Conversely, a change to a policy or procedure also poses a threat as the change may inadvertently result in a breach in compliance. One of the features of ComplianceASSESSOR is the ability to map policies, procedures or indeed any documents to the relevant regulations in order to evidence compliance with the relevant regulations – on the assumption that policies and procedures are adhered to in practice. Providing that the institution maintains strict version control over such documents, any changes to the mapping are identified and the relevant regulations highlighted for review and possible re-assessment.
At the heart of the system is the assessment process where not only are policies and procedures mapped to the relevant regulations but action plans may be established to address deficiencies in compliance, each action plan being documented where appropriate. The requirement to review assessments before approval by an independent officer not only enforces the ‘four eyes’ requirement but also enables the application of the ‘three lines of defence’ adopted by the larger institutions.
But perhaps the most important feature is the ability to code the regulations in terms of the consequences of non-compliance, as mentioned previously. While the concept is relatively simple, it enables the application to highlight issues previously over looked by audit and compliance functions. More importantly, assessments relating to high risk regulations must not only be approved by an independent officer but must also be signed off by an appropriate executive or senior manager who should take overall responsibility, especially where full compliance is not possible and partial compliance is accepted. As can be appreciated, this should prove a useful tool given the PRA’s intended approach to executive responsibility.

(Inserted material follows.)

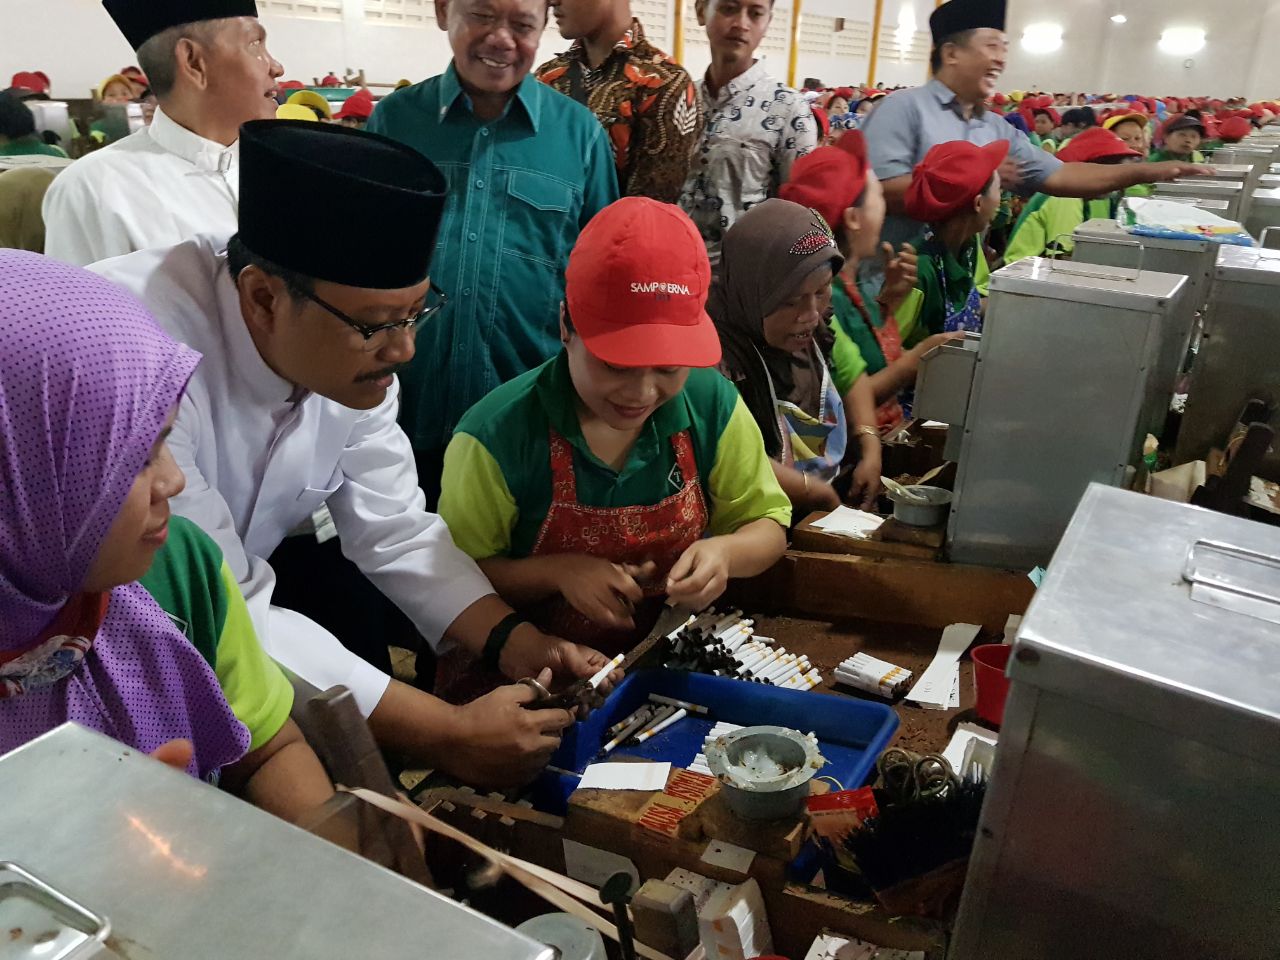 Calon Gubernur Jatim nomor urut 2, Saifullah Yusuf berada di tengah para buruh rokok di Malang. (Foto : Istimewa)

This Risk Severity Indicator is also used extensively in the dashboard to highlight, for example, action plans associated with the assessment of high risk regulations that exceed their anticipated completion date or where confidence in achieving compliance moves to red on a RAG code. As one would expect, all of this information and much more is captured and displayed, focusing attention on compliance issues and enabling senior management to monitor and manage compliance more efficiently, throughout the organisation.
As one would expect, all of this information relating to the assessment of applicable regulations, including all supporting documentation and reports, is immediately identifiable and retrieval, saving considerable time and expense when responding to a query or demand. Unfortunately, it appears that the frequency of such requests and demands is most likely to increase in the months and years ahead.
Finally, ComplianceASSESSOR provides the means of viewing all regulations, assessments, reviews and approvals, AND all policies & procedures and even old audit reports within the organisation … on an iPad … which must be a first!
In summary compliance functions have a major challenge ahead but perhaps with additional headcount, a more instilled compliance culture and of course ComplianceASSESSOR, life may easier going forward.